Founder
January 2026 Devlog
January focused on infrastructure work for multi-region deployment, portal performance improvements, and enhanced resilience across the system.
Multi-Region Infrastructure
The most significant infrastructure work this month was adding support for geographically distributed database read replicas.1
For regional redundancy and lower latency, we deployed Postgres replicas across regions.
The application now routes read queries to the local replica while writes go to the primary, all transparent to the rest of the codebase.
We also added a new libcluster strategy using Postgres LISTEN/NOTIFY as a message bus,2 enabling app servers across GCP and Azure to join the same Erlang cluster during our infrastructure migration.
This required careful handling of node disconnects—both from missed heartbeats and graceful SIGTERM handling.
Portal Performance
The HTTP server was swapped from Cowboy to Bandit,3 Phoenix's new default since 1.8. Bandit offers 1.5–4x faster response times and reduced memory usage through fewer processes per connection—a meaningful improvement given our API nodes' memory profile.
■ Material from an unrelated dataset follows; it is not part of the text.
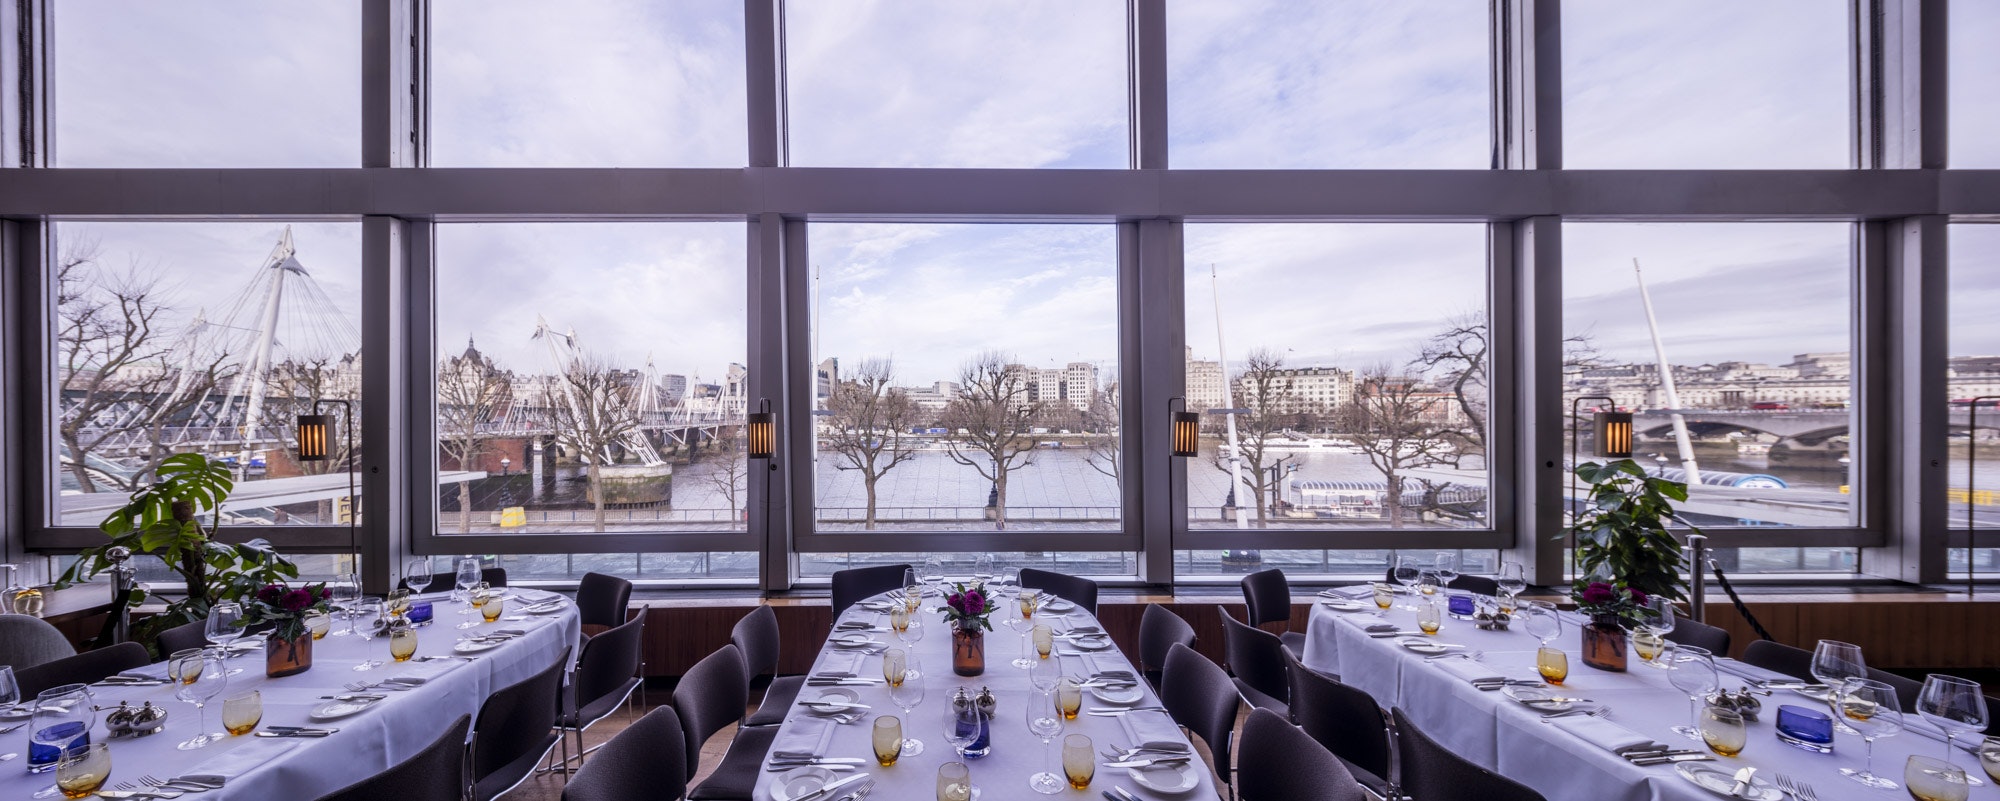 Restaurants With Private Rooms Venues in London - Skylon

To protect the cluster from reconnection storms, we added application-level rate limiting for WebSocket connections.4
The cloud load balancers only support 10-second windows minimum, which still allows bursts that could overwhelm the cluster.
The new rate limiter enforces one connection per second per IP-token pair, returning a 503 with proper Retry-After headers when exceeded.
We also upgraded to Elixir 1.19.4 on OTP 28,5 taking advantage of faster compile times and the improved type system. DoH support, which landed in November, was enabled for the control plane6 after being feature-flagged for testing.
Partition Tolerance
Gateways and relays now survive portal partitions for up to 24 hours.78 Previously, a 15-minute portal outage would cause relays to shut down, dropping allocations and bindings even though the data plane was still functional. Clients and gateways have their own unhealthy relay detection, so extending this timeout reduces customer impact during infrastructure outages.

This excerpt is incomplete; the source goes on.